That's the first solid attempt at estimating probabilities here. Although 26% is not precise enough.

Here is the way to calculate probabilities:

[spoiler=Geometric series.]Here is how to calculate probability for A’s victory in a one on one duel between A and C, where C shoots first.

The chance for C to miss is 0.5, the chance for A to hit is 0.3, and the chance for A to miss is 0.7.

In order for A to win on his first shot C must miss and A must hit. The probability of that is 0.5*0.3.

For A to win on his second turn C must miss, A – miss, C – miss, A – hit. The probability: 0.5*0.3*0.5*0.7.

For A to hit on the third shot probability is (0.5*0.3)(0.5*0.7)^2.

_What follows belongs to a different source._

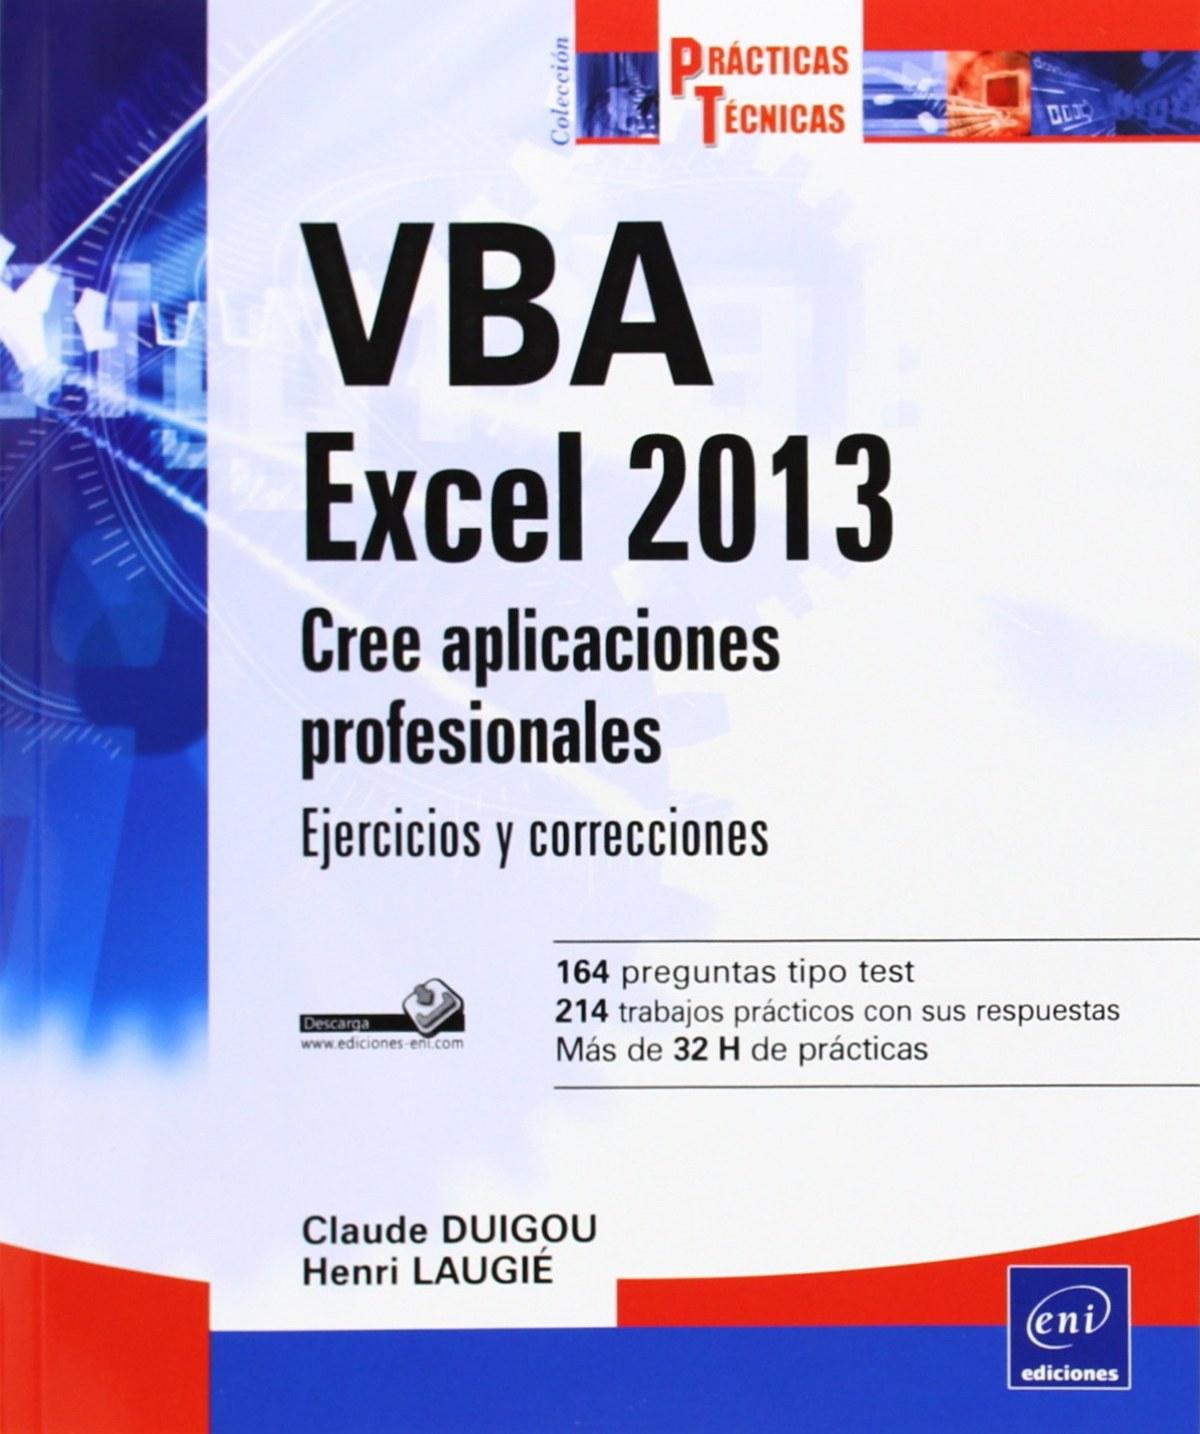 Prácticas Técnicas VBA EXCEL 2013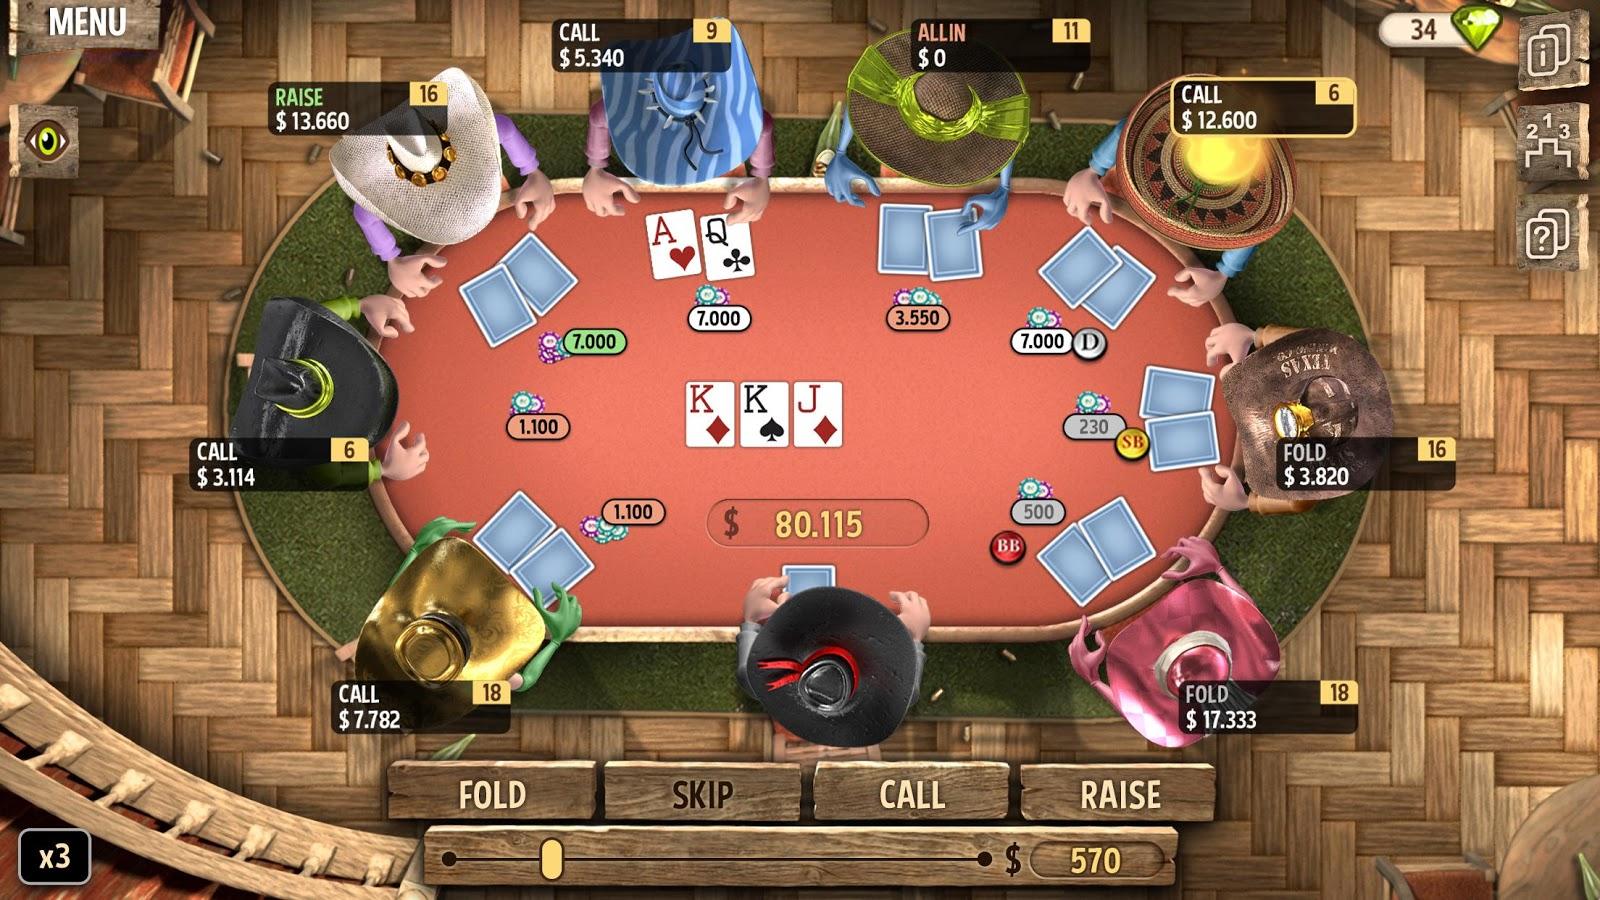 покер король покера 2 на русском языке играть онлайн бесплатно полная версия

Thus overall probability for A to prevail over C is:

0.5*0.7 + (0.5*0.7)*(0.5*0.3) + (0.5*0.7)*(0.5*0.3)^2 + . . . an so on to infinity.

This is geometric series with common ratio (0.5*0.7) = 0.35 and scale factor (0.5*0.3) = 0.15. Since common ratio is less than 1, the sum of the infinite series equals:

0.15/(1-0.35) = 0.230769.

Now if A shoots at B and hits (the probability of that is 30%, or 0.3) then the duel between C and A takes place and the overall probability for A’s victory in that scenario is 0.3*0.230769=0.069231 (just under 7%).

If A misses B on his first shot (70%), then B kills C and A gets another chance to hit B (30%). Thus A’s probability to win in that scenario is 0.7*0.3 = 0.21.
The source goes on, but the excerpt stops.